(AFS) RNA Editing Ligase 1 and F1-ATPase as novel drug targets for veterinary diseases caused by trypanosomatid parasites

Lead Research Organisation: University of Edinburgh
Department Name: Sch of Biological Sciences


The goal of this project is to exploit the unique and essential functions of mitochondrial RNA editing and F1-ATPase in trypanosomatid parasites as targets for the identification of much-needed new drugs. Our validation of Trypanosoma brucei RNA editing ligase 1 (TbREL1) and F1-ATPase as drug targets (Schnaufer et al., 2001; 2005), and the availability of a high-resolution crystal structures (Deng et al., 2004; Montgomery et al., 2018) and high-throughput screening assays make these enzymes promising and ripe targets for drug discovery efforts.

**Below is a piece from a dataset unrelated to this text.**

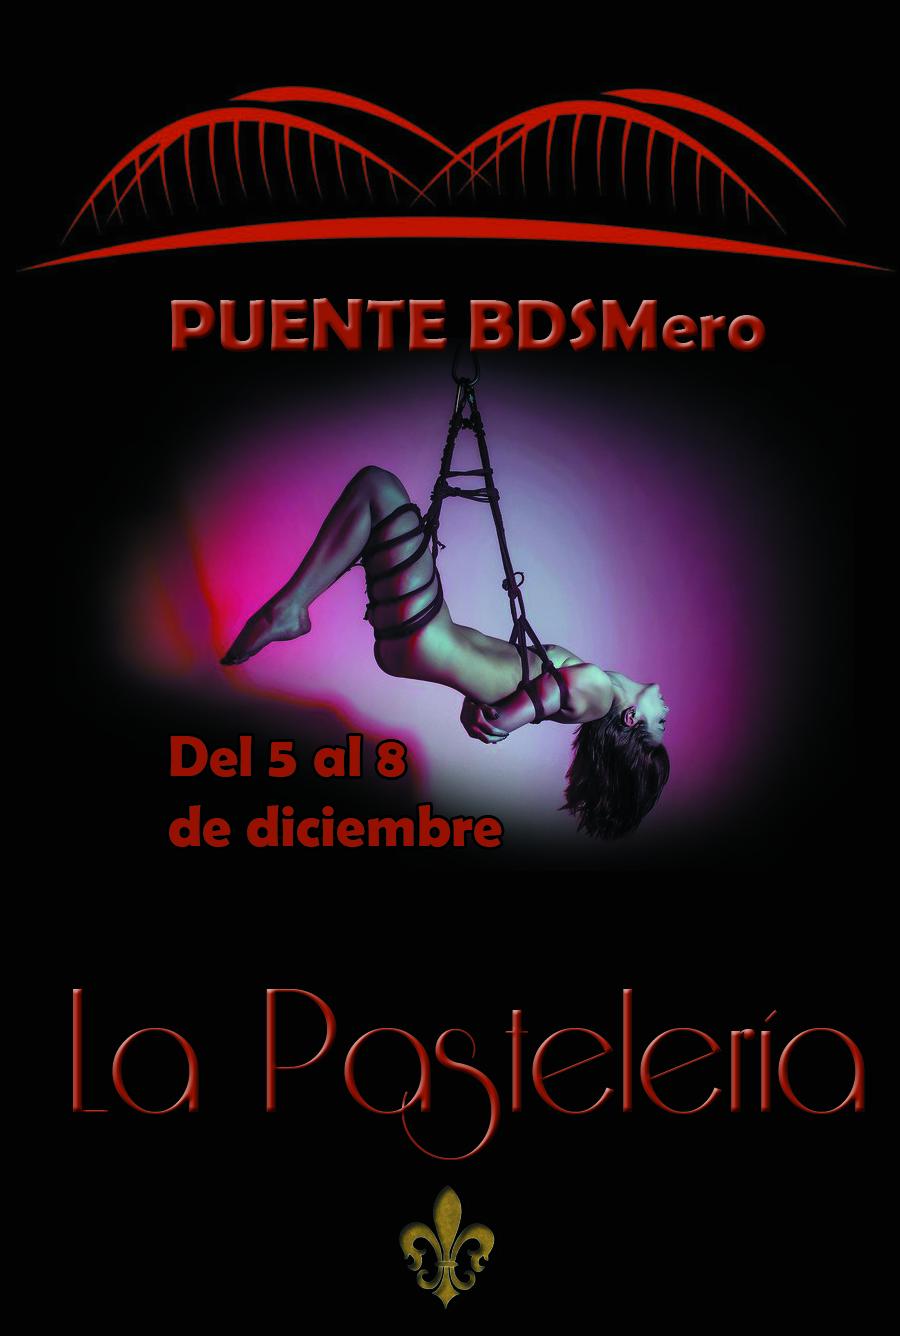 PUENTE BDSMero @ La Pastelería | Madrid | Comunidad de Madrid | España

The protist parasites Trypanosoma congolense, T. vivax and T. brucei brucei are responsible for devastating economic loss by causing disease in livestock (http://www.fao.org/ag/againfo/programmes/en/paat/home.html). All trypanosomatids are characterised by unusual mitochondrial biology. For example, they require a unique form of RNA editing for mitochondrial gene expression; a key enzyme in this process is REL1 (Schnaufer et al., 2001). Also, T. brucei uses the mitochondrial F1-ATPase not to generate ATP, but as an essential proton pump (Schnaufer et al., 2005). Orthologues of these enzymes in T. congolense, T. vivax and T. brucei are virtually identical, which offers exciting potential for the development of inhibitors with broad anti-trypanosomatid activity. We recently carried out a number of high-throughput screens for small molecule inhibitors of REL1 and F1-ATPase, and we identified and confirmed numerous structurally diverse inhibitors with low-micromolar IC50 values.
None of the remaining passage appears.